遺産を相続したときに課税される相続税は高額になるイメージが強く、いったいどれぐらいかかるのか不安に思われている人は多いのではないでしょうか。
しかし、相続税がどのような場合に課税されてどのように税額計算するかを理解すれば、相続税に対する漠然とした不安は軽減されるでしょう。
今回は、相続税について簡単にご紹介いたします。
・相続税が課税される人
相続税は全ての人にかかる税金ではなく、実は日本全国の平均では約8%の人しか遺産相続において相続税を支払っていません。つまり相続税を支払う人の方が圧倒的に少ないのです。これは相続税には基礎控除といって、相続税が非課税になる一定の非課税枠が設けられているためです。
遺産を相続した人に課税される
相続税は遺産を相続した人に課税される税金です。
相続税が課税されるのは亡くなった人の親族だけとは限りません。親族でなくても遺産を受け取った人には相続税が課税されます。

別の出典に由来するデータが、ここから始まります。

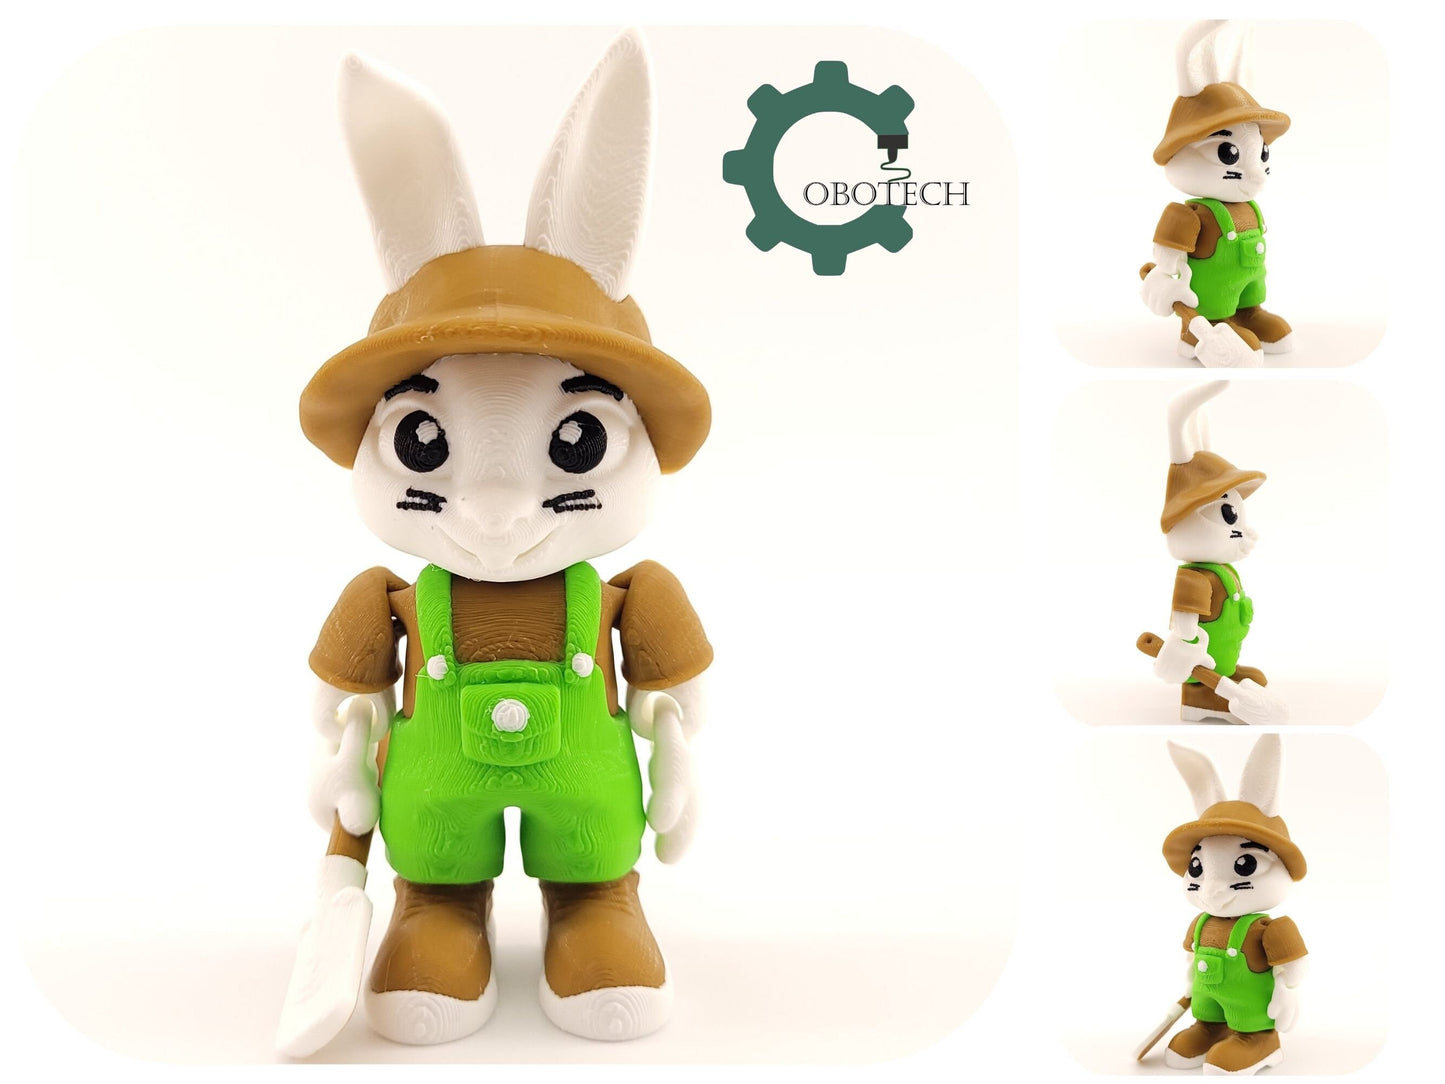 3D Print Articulated Bunny Farmer by Cobotech, Articulated Toys, Desk Decor, Easter Cool Gifts
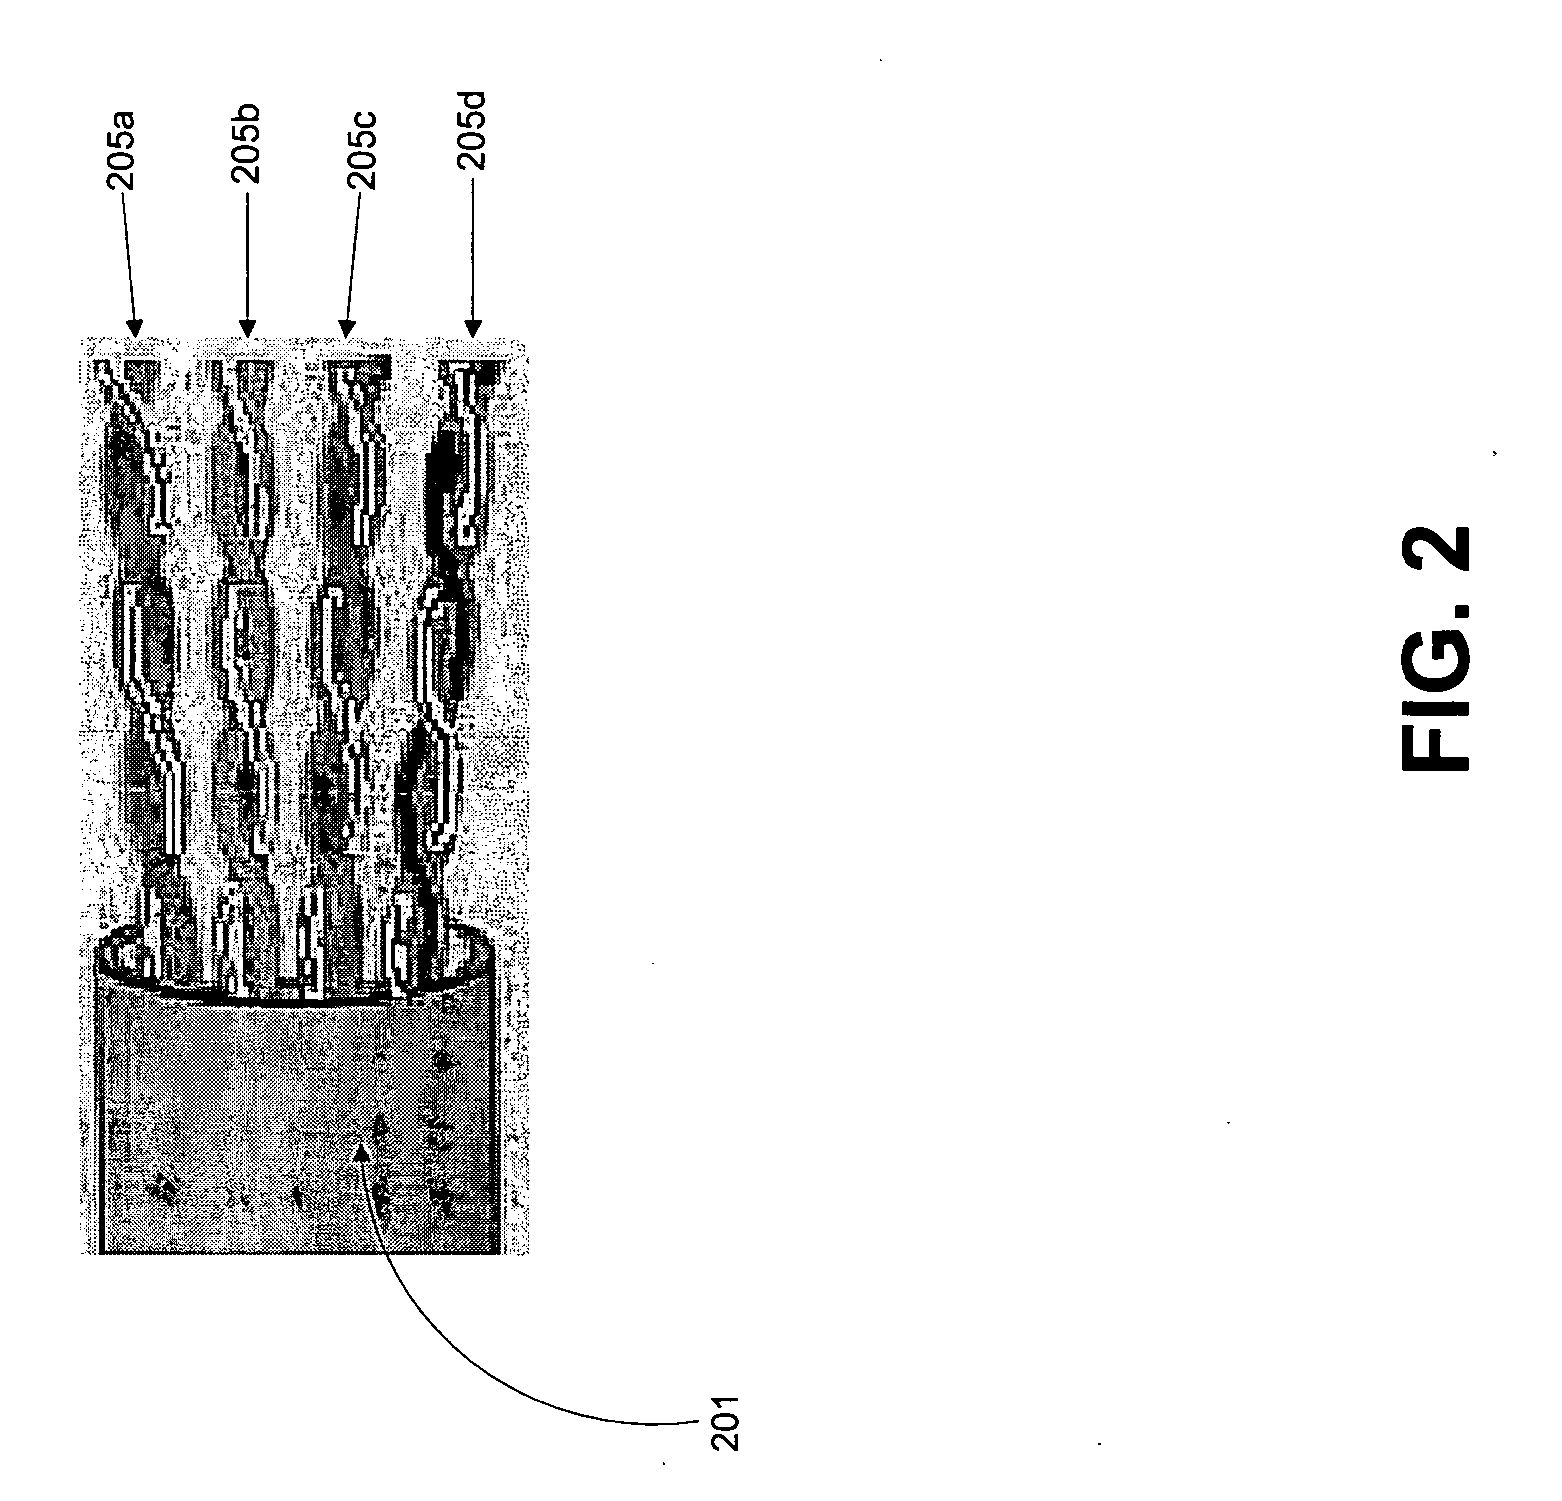 Method and apparatus for video signal skew compensation

相続税は、遺産を相続した人がそれぞれ税務署に申告して納税します。税額は相続人の全員で均等に分けるのではなく、実際に相続した遺産の割合に応じて分けます。そのため、遺産を多く相続した人ほど相続税は高くなってしまいます。
基礎控除額を超えると課税される
相続税は、遺産を相続すれば必ず課税されるわけではありません。
遺産の総額が基礎控除額と呼ばれる一定の金額以下であれば、相続税は課税されません。遺産総額が基礎控除額を超える場合は、遺産総額から基礎控除額を引いた残りの金額に対して相続税が課税されます。
基礎控除額は一律に決まっているわけではなく、下記のとおり法定相続人の人数によって変動します。
基礎控除額=3,000万円+600万円×法定相続人の数
相続人の人数 | 1人 | 2人 | 3人 |
基礎控除額 | 3600万円 | 4200万円 | 4800万円 |
このように例えば相続人が子供2人の場合には、相続税の基礎控除は4,200万円となりますので、相続する財産の総額が4,200万円以下であればそもそも税務署に対して相続税申告をしなくてもよくなります。
法定相続人となる人は、民法で次のように定められていますので、親族であれば誰でも法定相続人になるわけではありません。
- 常に法定相続人:配偶者
- 第1順位:子(子が亡くなっている場合は孫)
- 第2順位:父母(父母が亡くなっている場合は祖父母)
- 第3順位:兄弟姉妹
第1順位の人がいなければ第2順位の人が法定相続人となり、第2順位の人もいなければ第3順位の人が法定相続人となります。配偶者は法的な婚姻関係にあることが必要で、内縁や事実婚の場合はいくら同居期間が長くても法定相続人にはなりません。